Beginning with Biden’s 2020 presidential campaign, an informal alliance of political figures, media, and the Trump-traumatized masses protected him on a range of potentially harmful issues. They denied the legitimacy of Hunter Biden’s damning laptop, then they downplayed it. They shamed those who questioned the aging Biden’s fitness. They celebrated Biden’s border policy because it wasn’t Donald Trump’s, and then they looked the other way when it proved to be worse. And When Biden turned out to be the most media-weary, least accessible president in modern history, the press took it on the chin and agreed to softball, set-piece interviews as doled out by the White House.

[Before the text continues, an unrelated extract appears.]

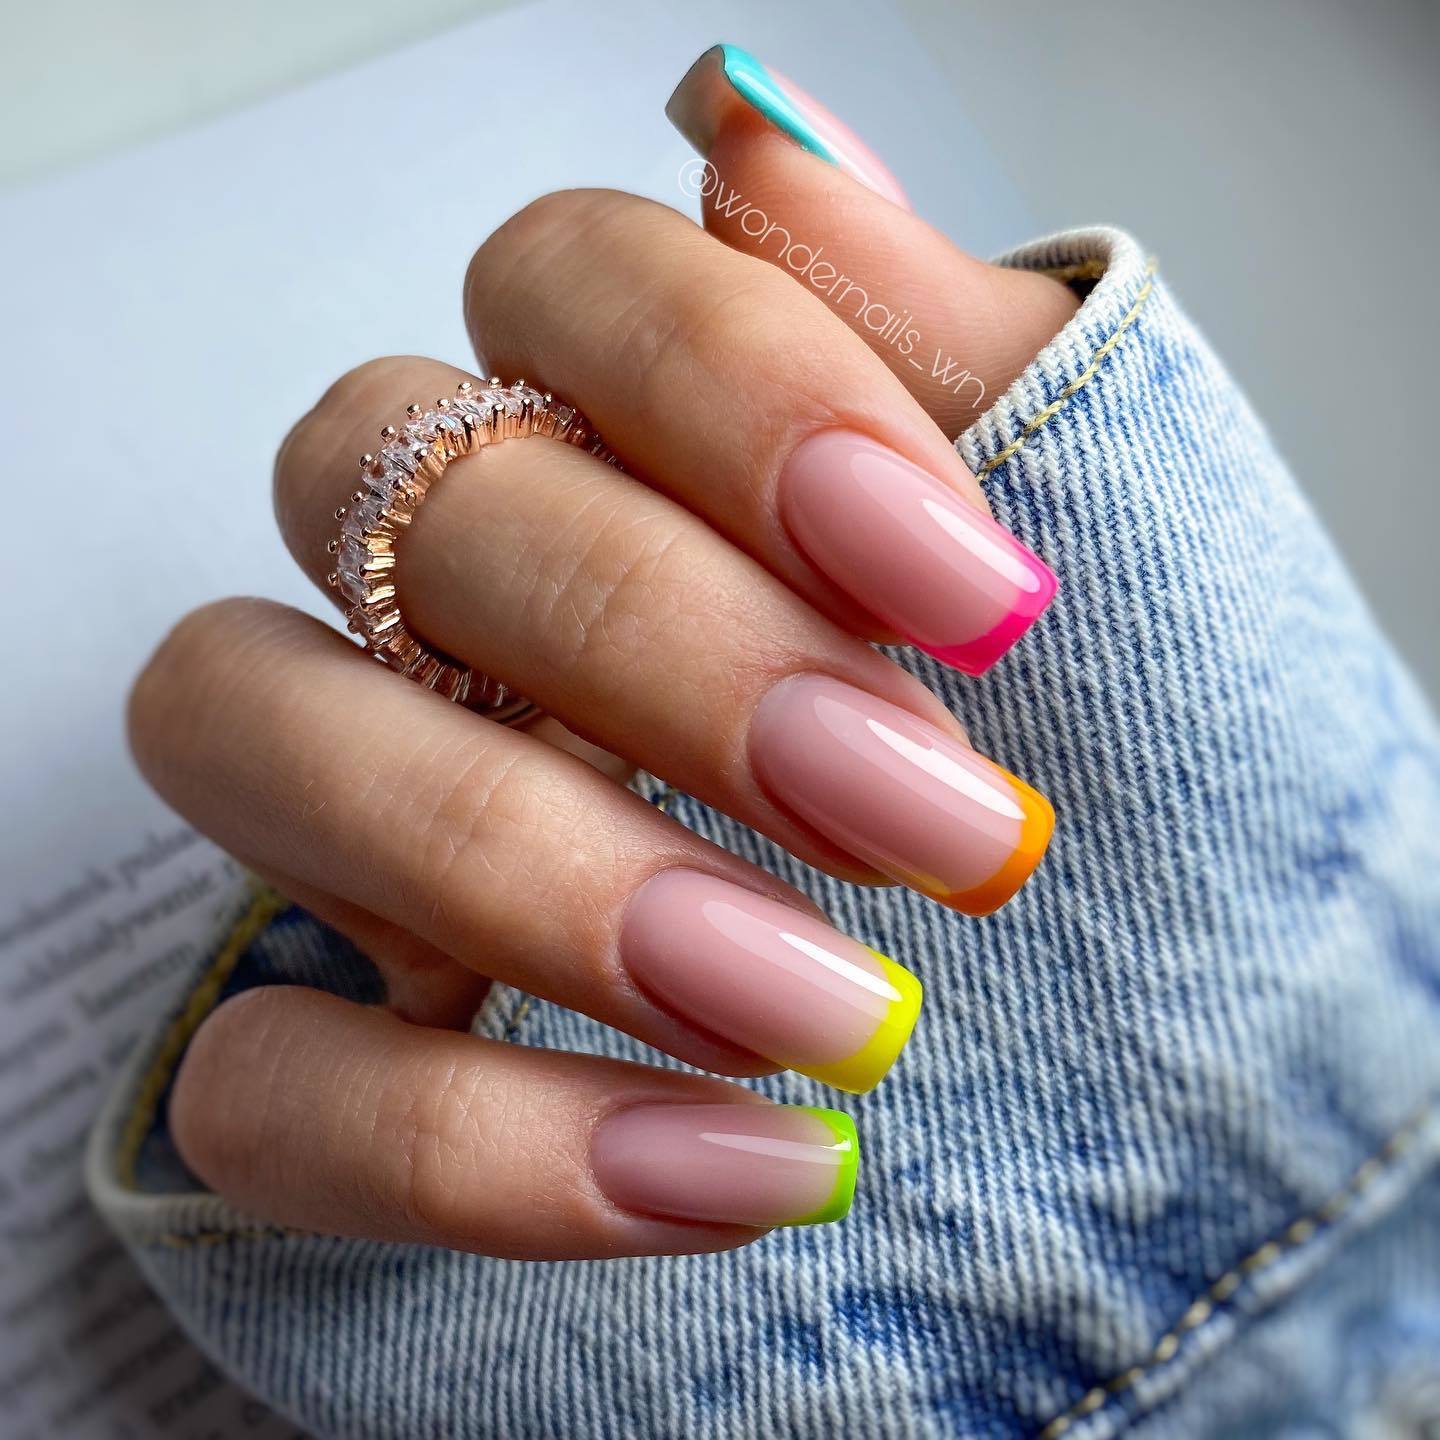 Entre el minimalismo multicolor y la manicura francesa así son las uñas  que triunfan este verano  Belleza Lo último  S Moda EL PAÍS

No more. The Biden family’s shady business dealing is now covered as legitimate news, because it has to be. The lid on the story can’t hide the details bubbling out: the 2020 Biden campaign and intelligence officials colluding on a cover-up, a whistleblower alleging favoritism in the IRS investigation of Hunter, millions in foreign payments and offshore shell companies. It’s become impossible to pretend that this is a mere tabloid saga about drug addiction, prostitutes, and paternity. The New York Times reports: “Businesses connected to Hunter Biden received more than $10 million from foreign companies, some with criminal ties,” “President Biden has falsely denied his son had ties to Chinese businesses,” and “Officials allied with Mr. Biden played a role in wrongly discrediting Hunter Biden’s laptop.”
Similarly, those who were once willing to look the other way on Biden’s physical and mental fitness can no longer ignore the gravity of the matter. The 77-year-old who was elected in 2020 might as well be the son of the 80-year-old who now occupies the White House. Biden neither speaks nor moves like he did then. The slips and gaffes that spurred sympathetic stories about his struggling with a lifelong “stutter” have given way to indecipherable non-sequiturs. It’s not an open secret that Democrats and supporters are worried about Biden’s age and ability. It’s an open book. And in a recent Washington Post-ABC poll, only 32 percent of respondents said that Biden possesses the mental acuity to serve as president. The White House’s effort to hide the president from the public for two years has backfired. When he pops up now, his condition is made all the more concerning by the illusion of its seeming suddenness.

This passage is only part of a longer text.